The principle of the identity of opposites imposes theoretical and methodological constraints on any field of inquiry—biological, evolutionary, individual, and cultural—just as other metatheories impose constraints on any field of inquiry. The primary constraints within relationism are that (1) splits are not permitted (e.g., the split of genotype and phenotype in genetics, the split of internalism and externalism in the Modern Synthesis, the split of brain, body, and culture in cognitivism, and the cultural split of individual and culture) and (2) phenomena cannot be thought of as being decomposable into independent and additive pure forms (e.g., the Fisher–Wright AVOVA model in genetics and in the Modern Synthesis).
If the principle of the identity of opposites introduces constraints, it also opens possibilities. One of these is the recognition that—to paraphrase Searle (1992)—the fact that a behavior implicates activity of the biological system does not imply that it does not implicate activity of the cultural system, and the fact that the behavior implicates activity of the cultural system does not imply that it does not implicate activity of the biological system. In other words, the identity of opposites establishes the metatheoretical rationale for the theoretical position that biology, person, and culture operate in a truly interpenetrating relational manner.

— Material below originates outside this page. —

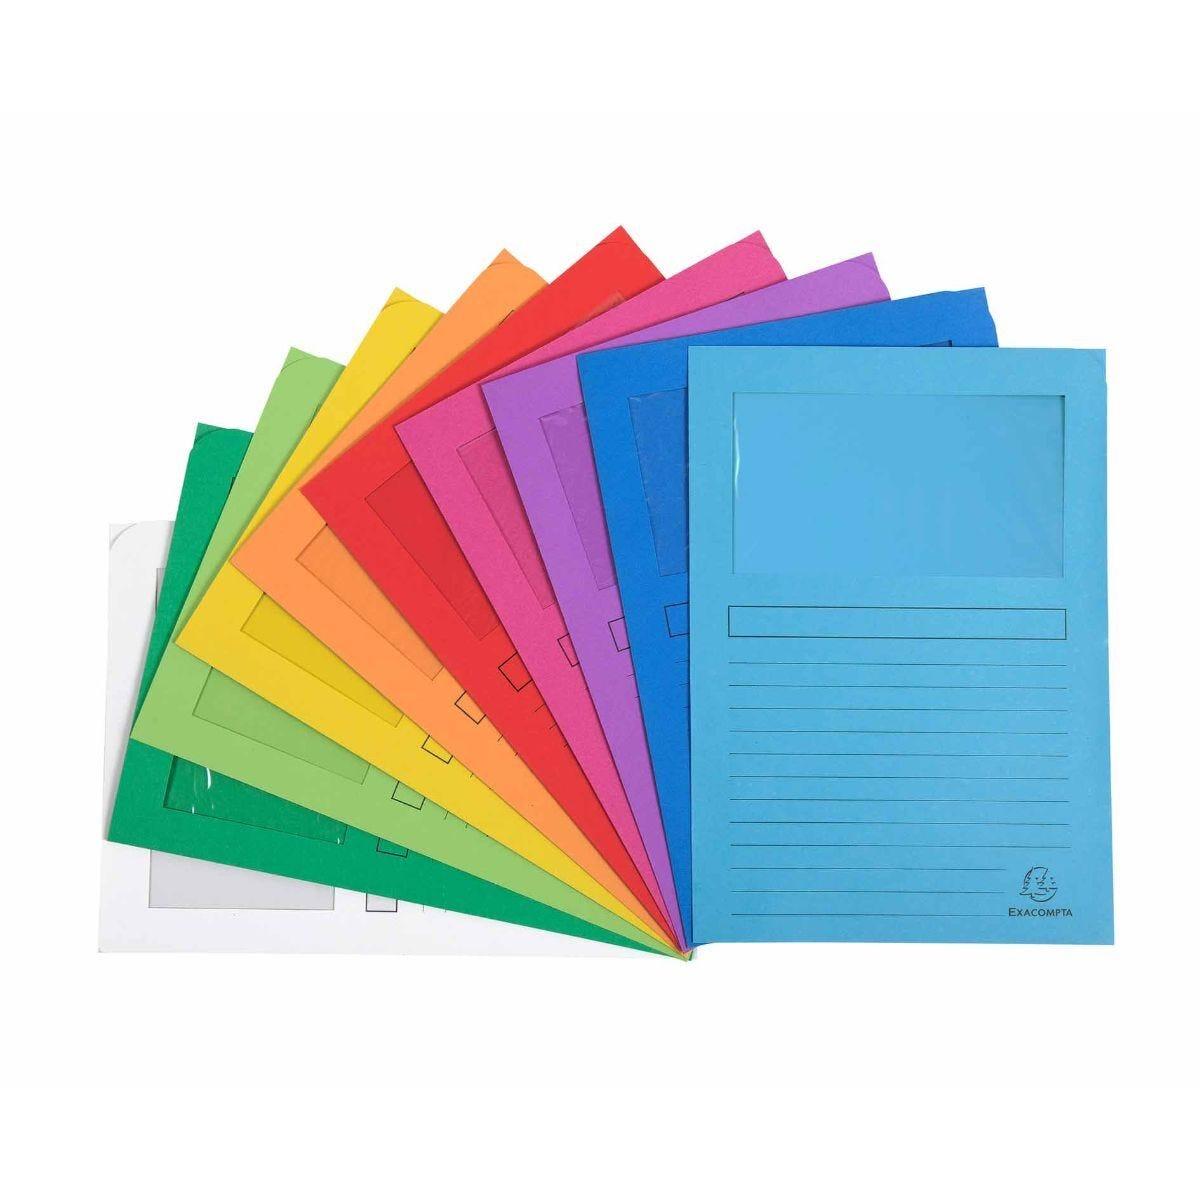 Exacompta Forever Window Folder A4 4 Packs of 100 120gsm Assorted

2.2.4. The Opposites of Identity
Although the identity of opposites sets constraints and opens possibilities, it does not in itself set a positive agenda for empirical scientific inquiry. The limitation of the identity moment of analysis is that, in establishing a flow of categories of one into the other, a stable base for inquiry that was provided by bedrock material atoms of the split metatheory is eliminated. In the split approach, no relativity entered the picture; all was absolute. Reestablishing a stable base—not an absolute fixity, nor an absolute relativity, but a relative relativity (Latour, 1993)—within relational metatheory requires moving to a second moment of analysis. This is the oppositional moment, where the figure of identity and ground of opposites reverses and opposites become figure. This moment becomes dominated by a relational exclusivity. Thus, in this opposite moment of analysis, it becomes clear that despite the earlier identity, the schematic of Escher’s sketch does illustrate both a right hand and a left hand (see Fig. 2.3 for culture and person). In this moment of opposition, the law of contradiction is reasserted and categories again exclude each other. As a consequence of this exclusion, parts exhibit unique identities that differentiate each from the other. These unique differential qualities are stable within any holistic system and, thus, may form relatively stable platforms for empirical inquiry. The platforms created according to the principle of the opposites of identity become standpoints, points-of-view, or lines-of-sight, in recognition that they do not reflect absolute foundations (Latour, 1993, 2004) but perspectives in a multiperspective world. They may also be considered under the common rubric levels of analysis when these are not understood as bedrock foundations.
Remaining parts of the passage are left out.